Task requirements -> Output every line of the material exactly, omitting images.

Available data ->
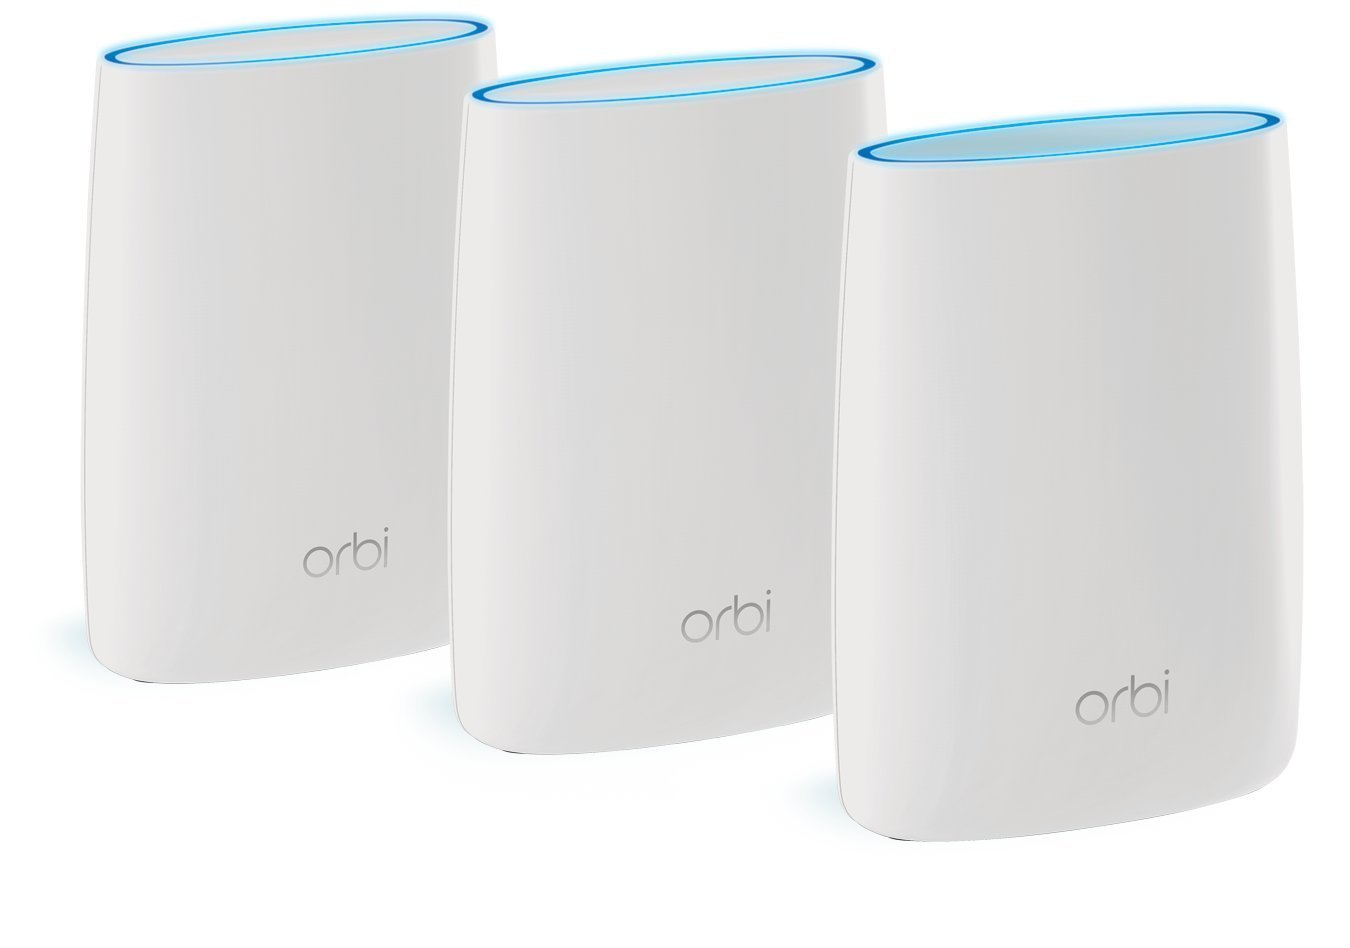 Netgear Orbi AC3000 Tri-Band WiFi System Router + 2 Satellite, RBK53
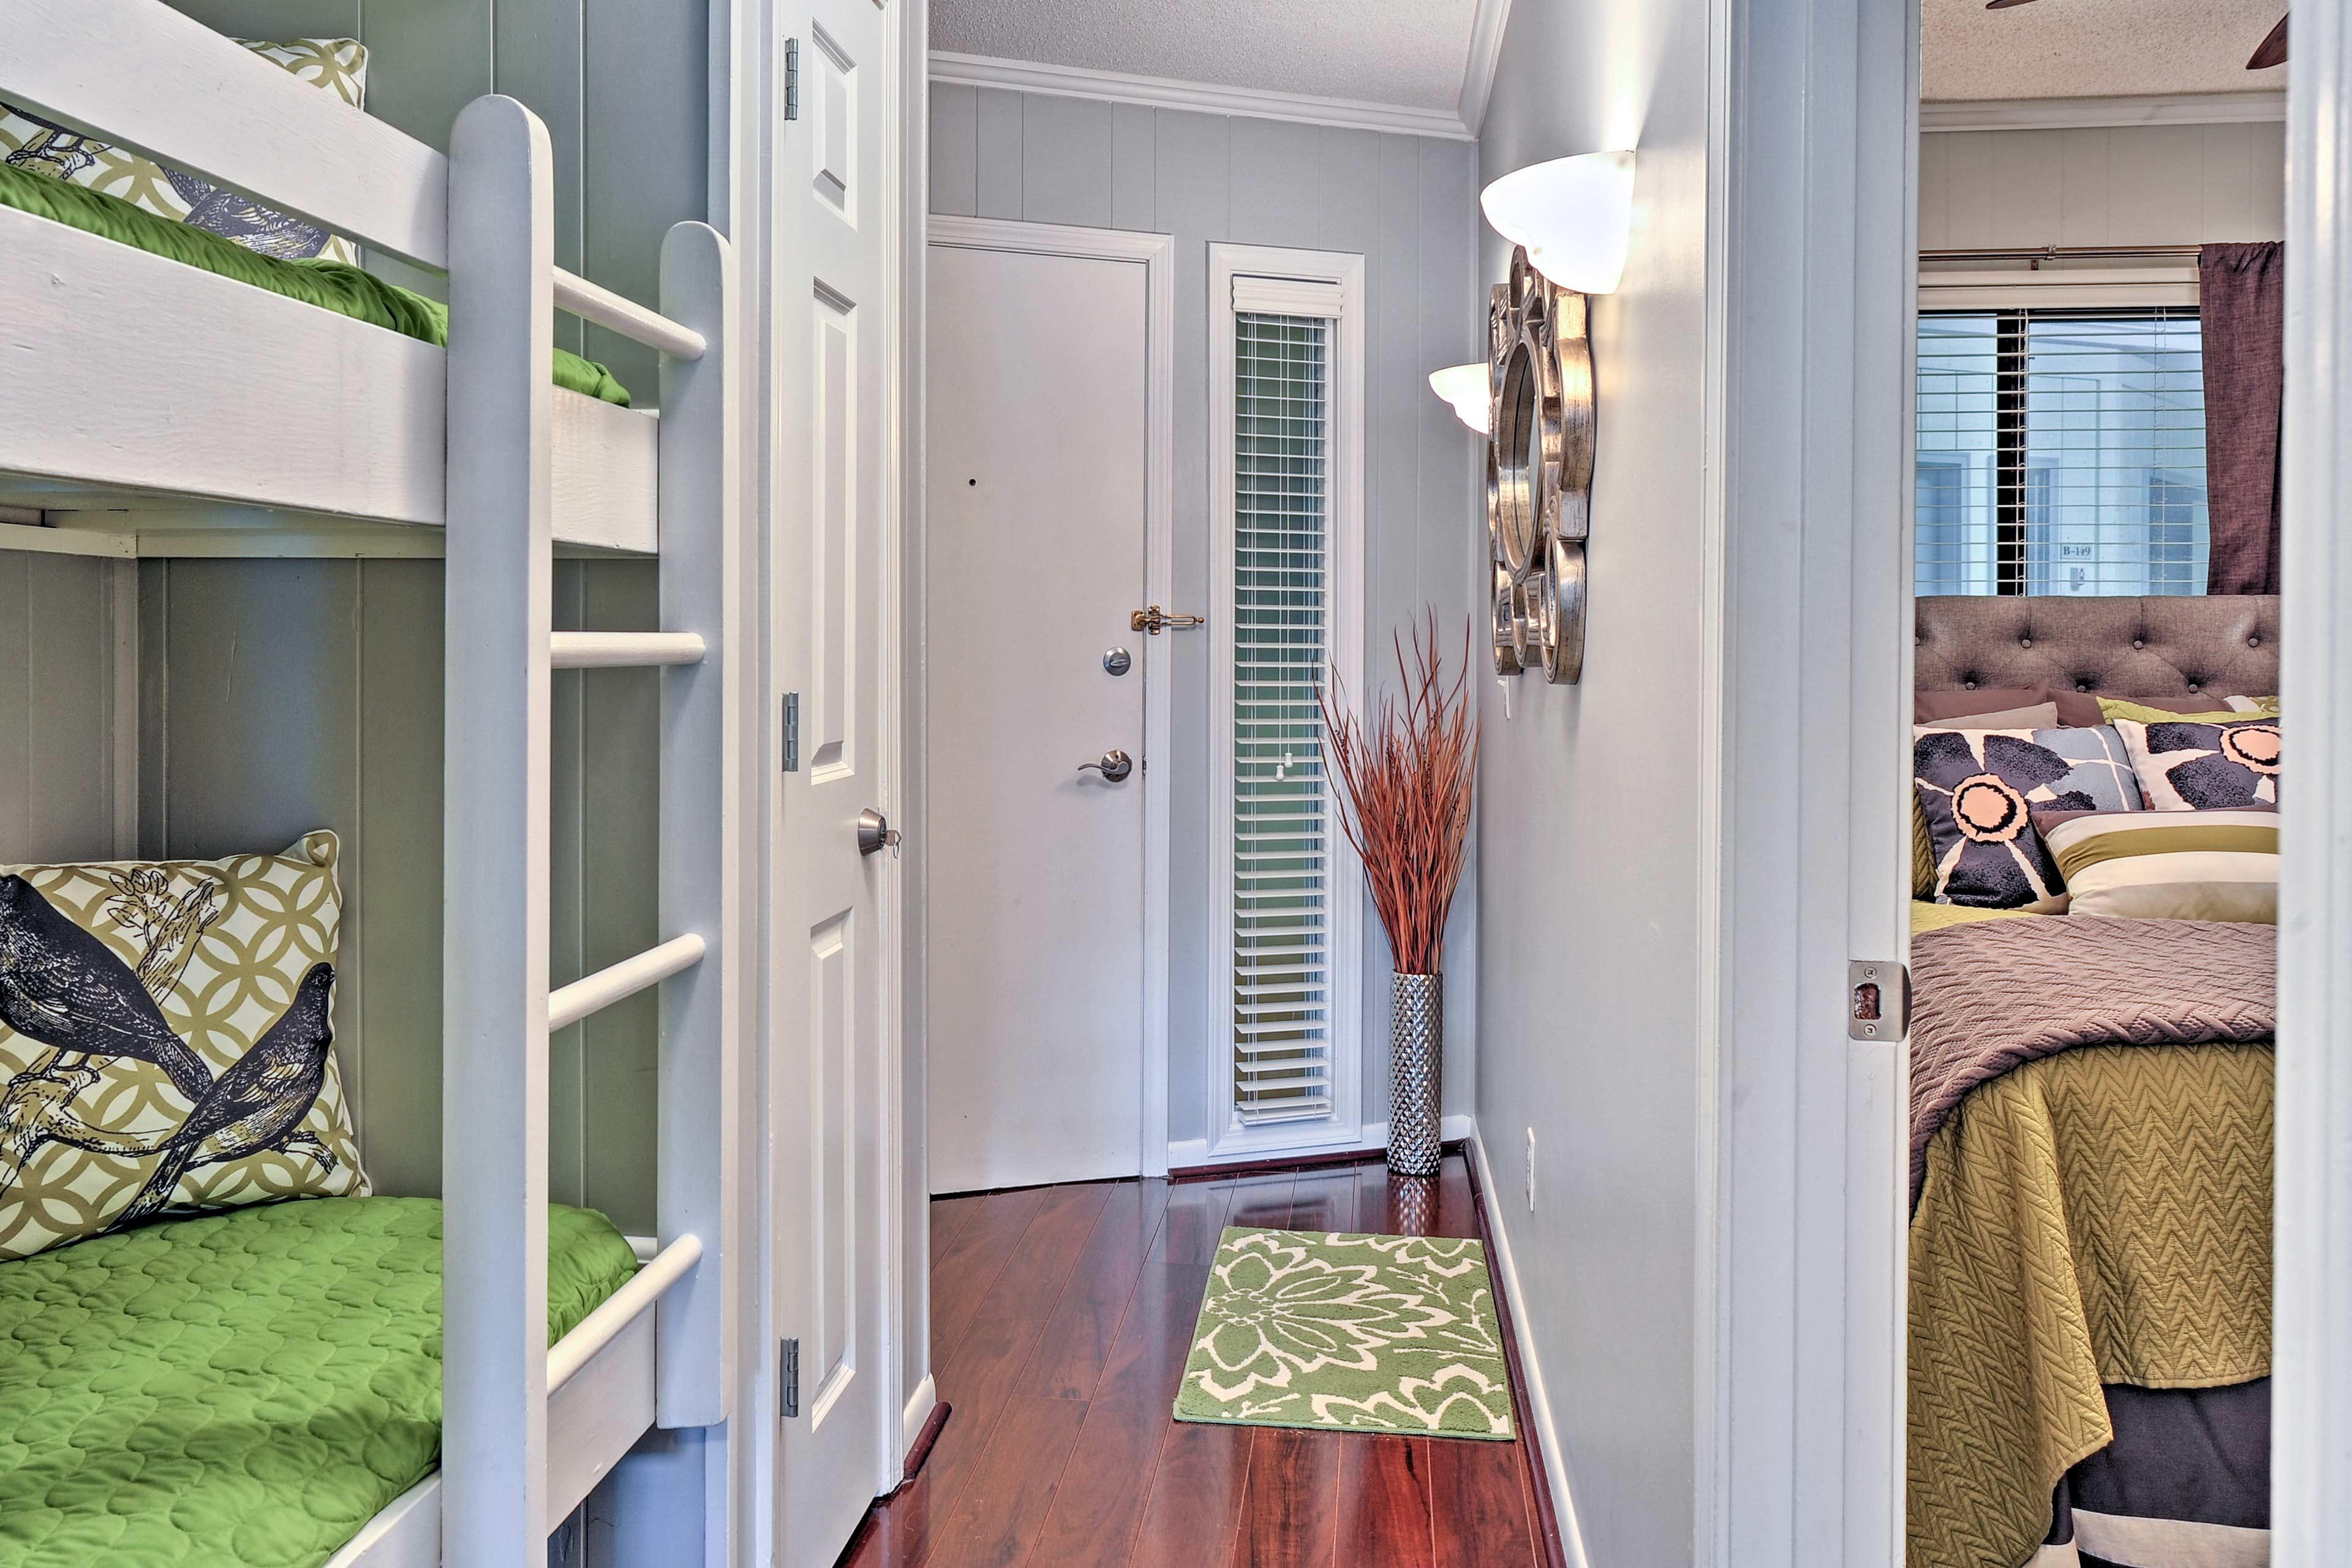 Hallway | Central A/C
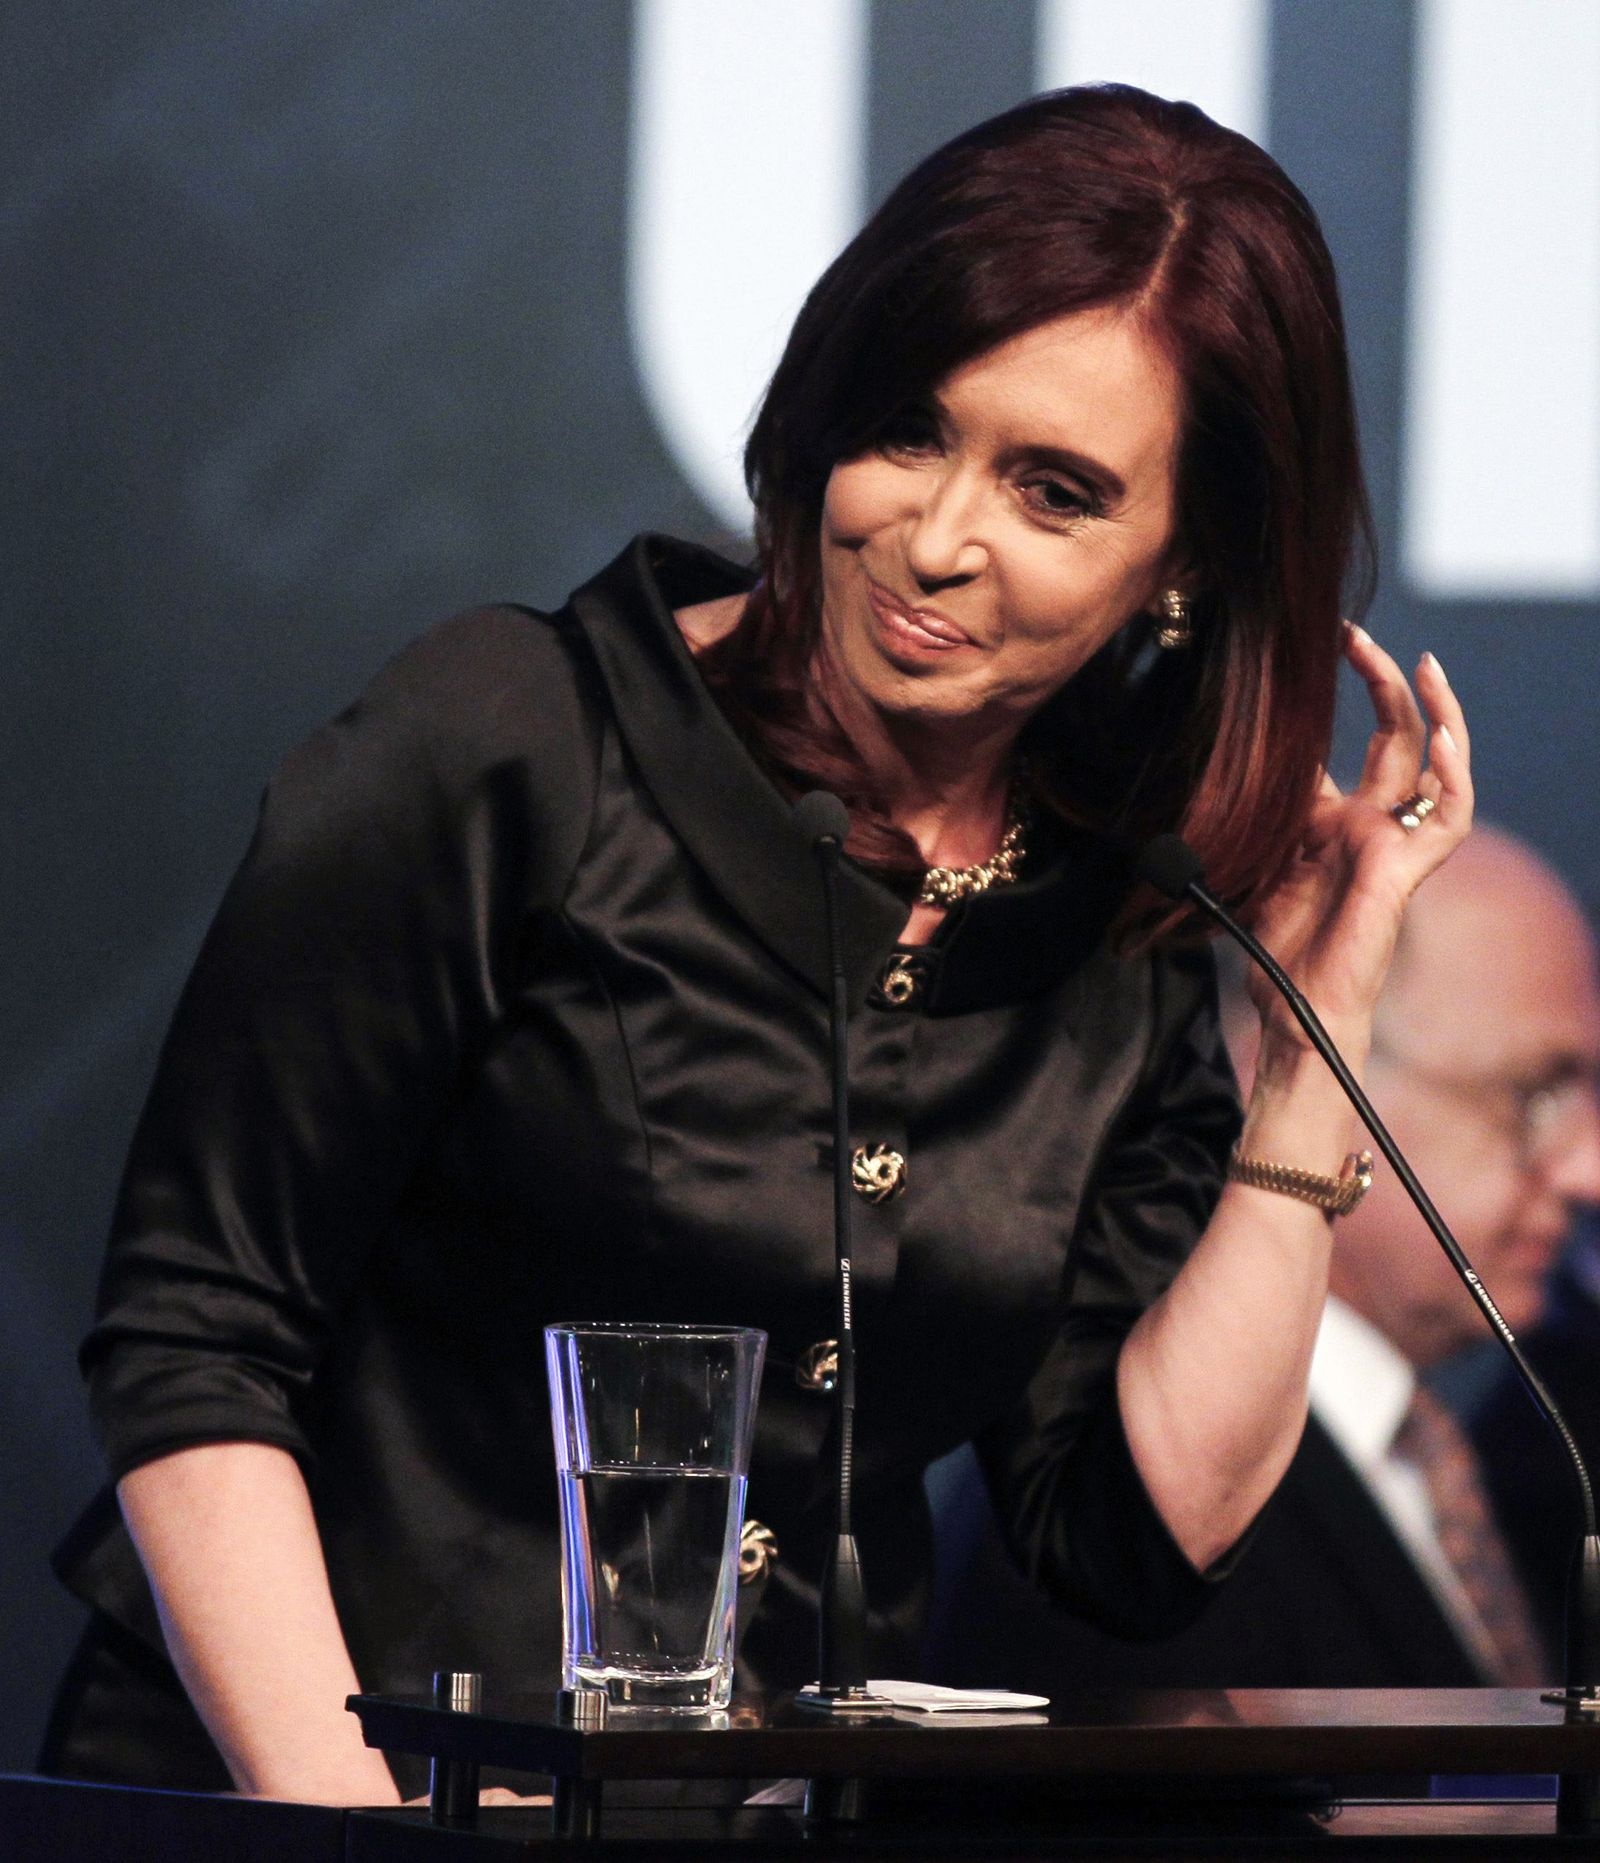 Argentinien Cristina Fernandez de Kirchner

The completed task ->
 Netgear Orbi AC3000 Tri-Band WiFi System Router + 2 Satellite, RBK53
 Hallway | Central A/C
 Argentinien Cristina Fernandez de Kirchner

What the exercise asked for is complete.